Ralph W. Franklin’s 1998 The Poems of Emily Dickinson may be the best Dickinson variorum possible. But because a scholarly edition of this kind must take a stand on issues that scholars continue to debate, editorial decisions involving such matters as providing multiple texts for poems, changing punctuation typography, and creating titles for poems will, almost by necessity, be controversial. As Shakespeare variorum editor Richard Knowles has observed, a variorum must negotiate “difference in textual variants, spectrum of meanings, critical approaches, historical and cultural changes of taste” (40), all with the aim of providing readers “the whole range of interpretation that has ever been thought by serious scholars to be possible” (38).

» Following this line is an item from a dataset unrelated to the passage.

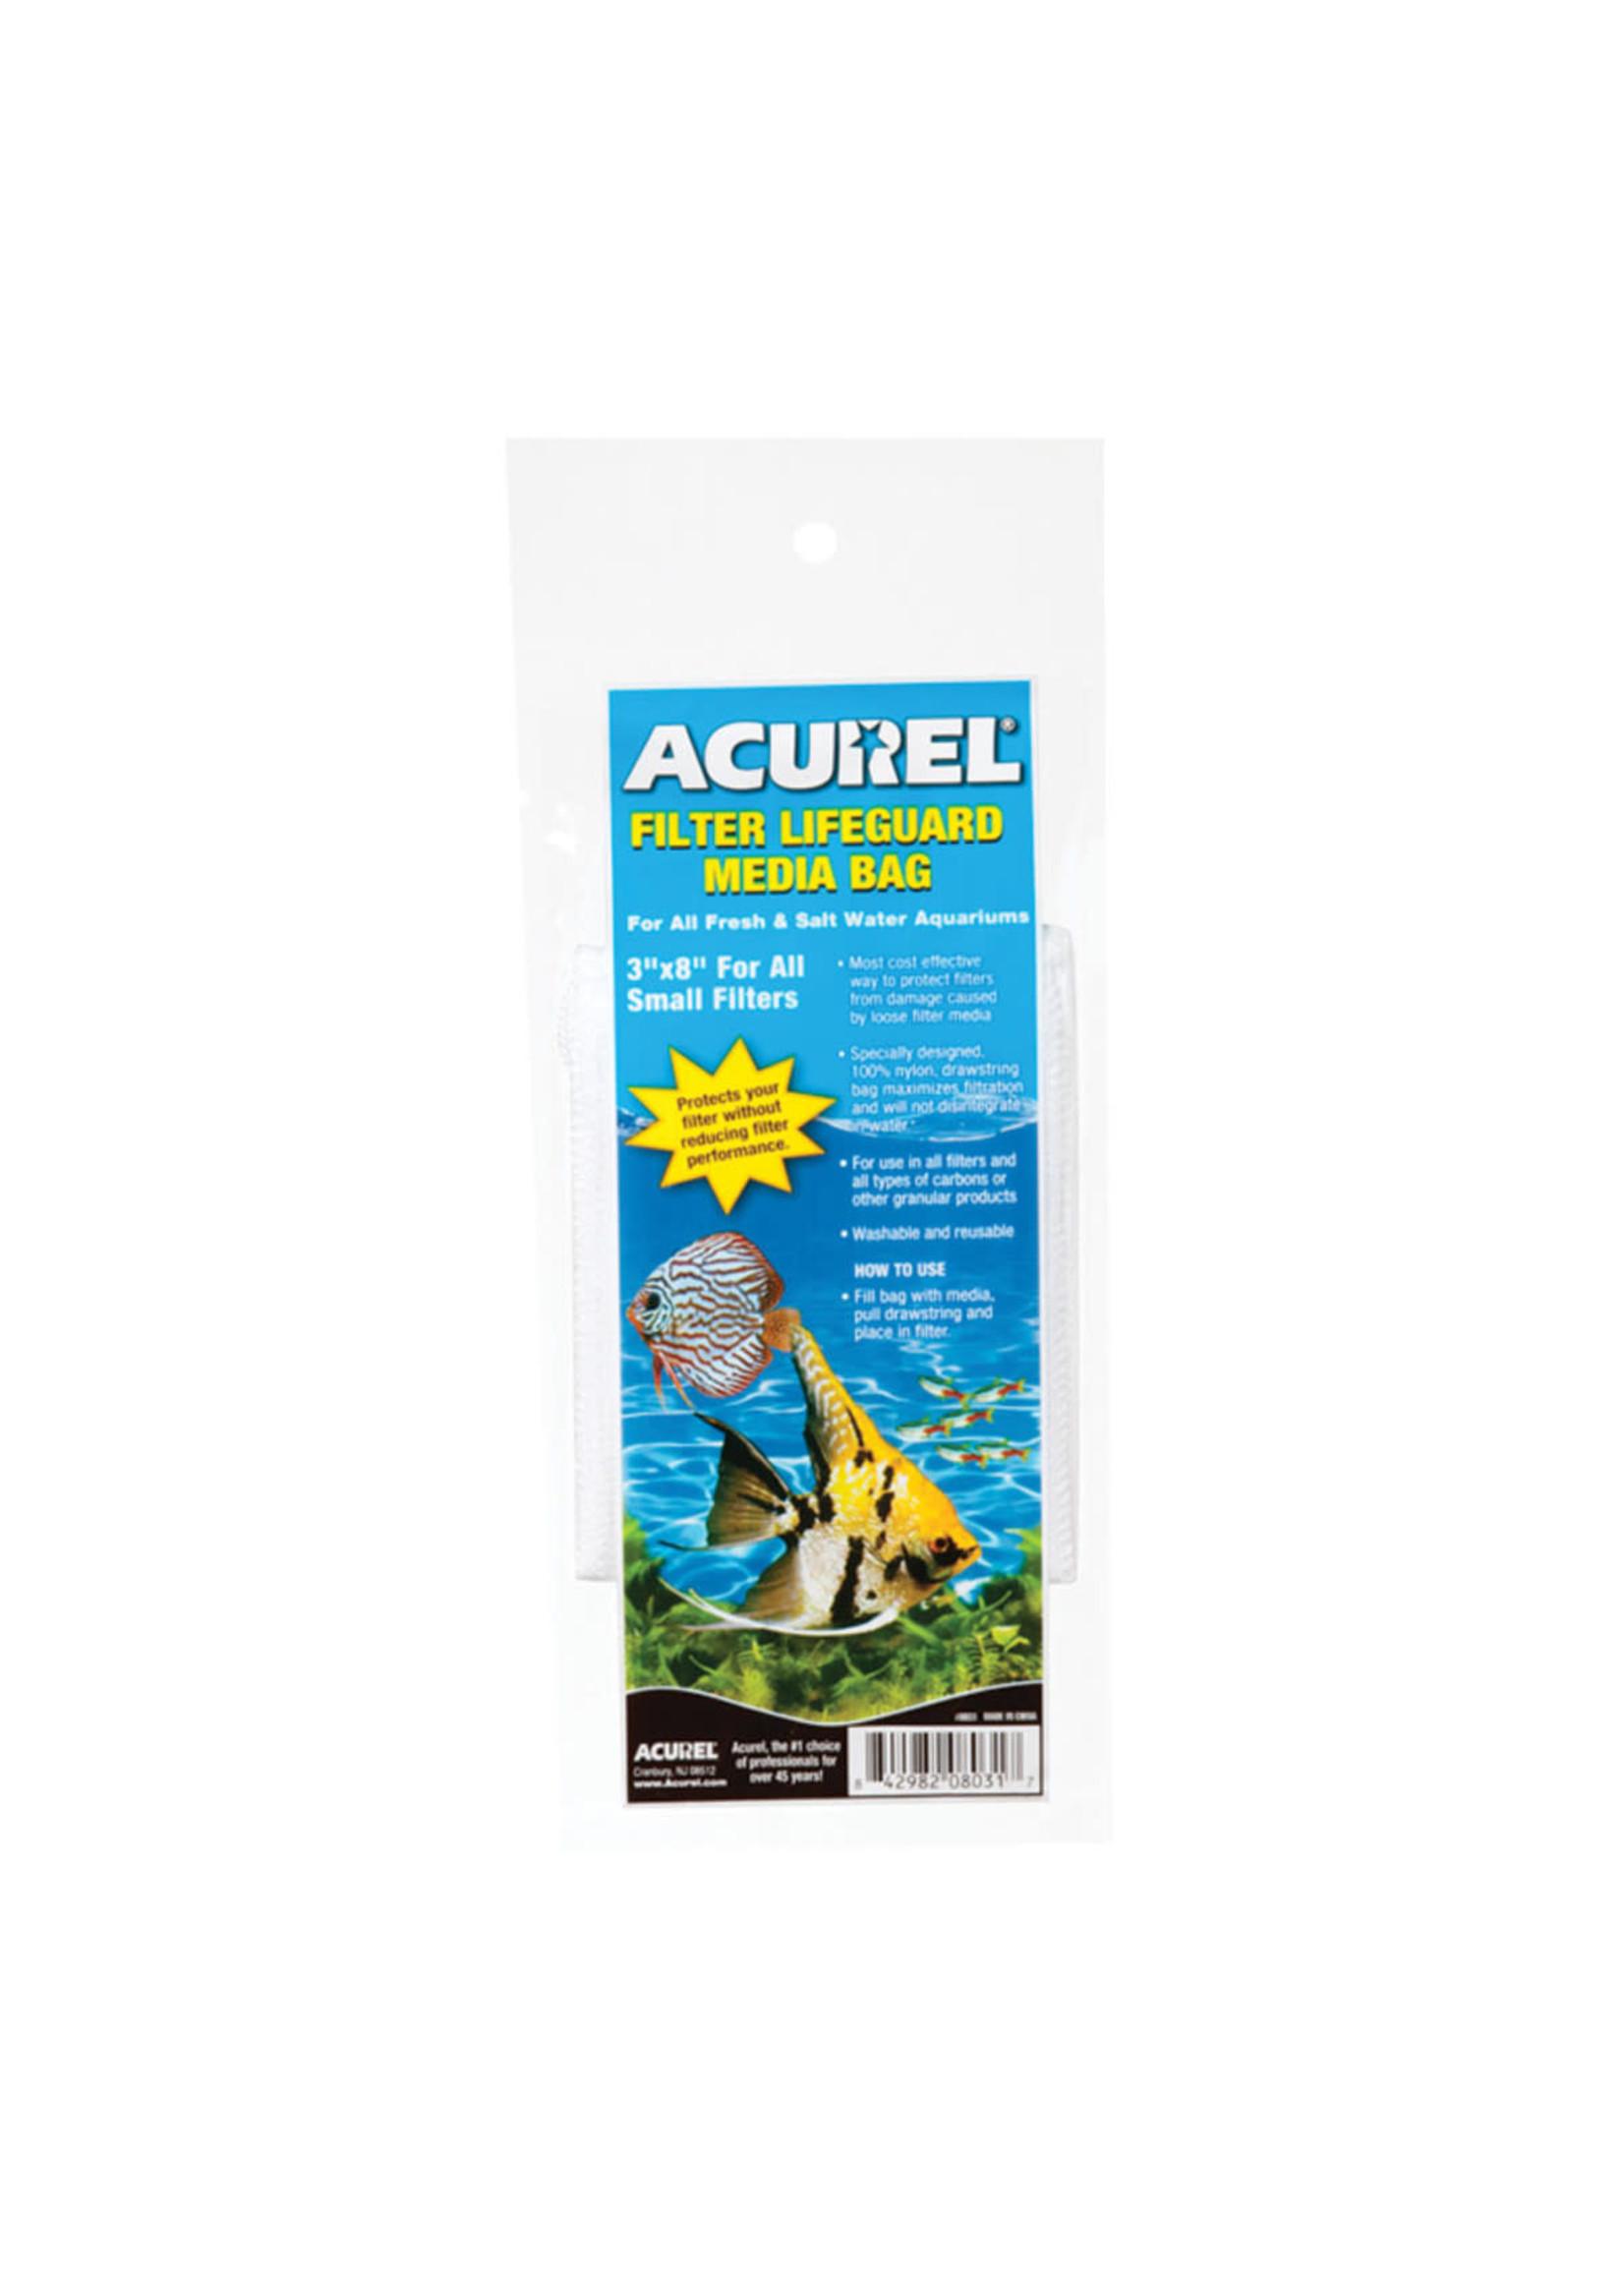 Acurel Acurel Filter Media Bag 3X8

Achieving such an ambitious scholarly objective may be particularly fraught at century’s end when, in Vivian Pollak’s words, “as Franklin reads Dickinson in the wake of . . . deconstructive criticism, he engages in compromises that serve as subtle reminders of an inescapable fact: to edit is to alter”(3). With Dickinson, the editorial compromises to which Pollak alludes may be even more subject to critical scrutiny than they would be with writers who actively published in their own lifetimes, as the absence of authorial precedent has led scholars to propose that the multiple visual, structural and semantic features of her holograph composition process were designed to resist containment within the relative stasis of any print home. Knowledge of these editorial complexities makes altogether reasonable Knowles’ conclusion that the “ideal of the variorum . . . is probably impossible to achieve”(45).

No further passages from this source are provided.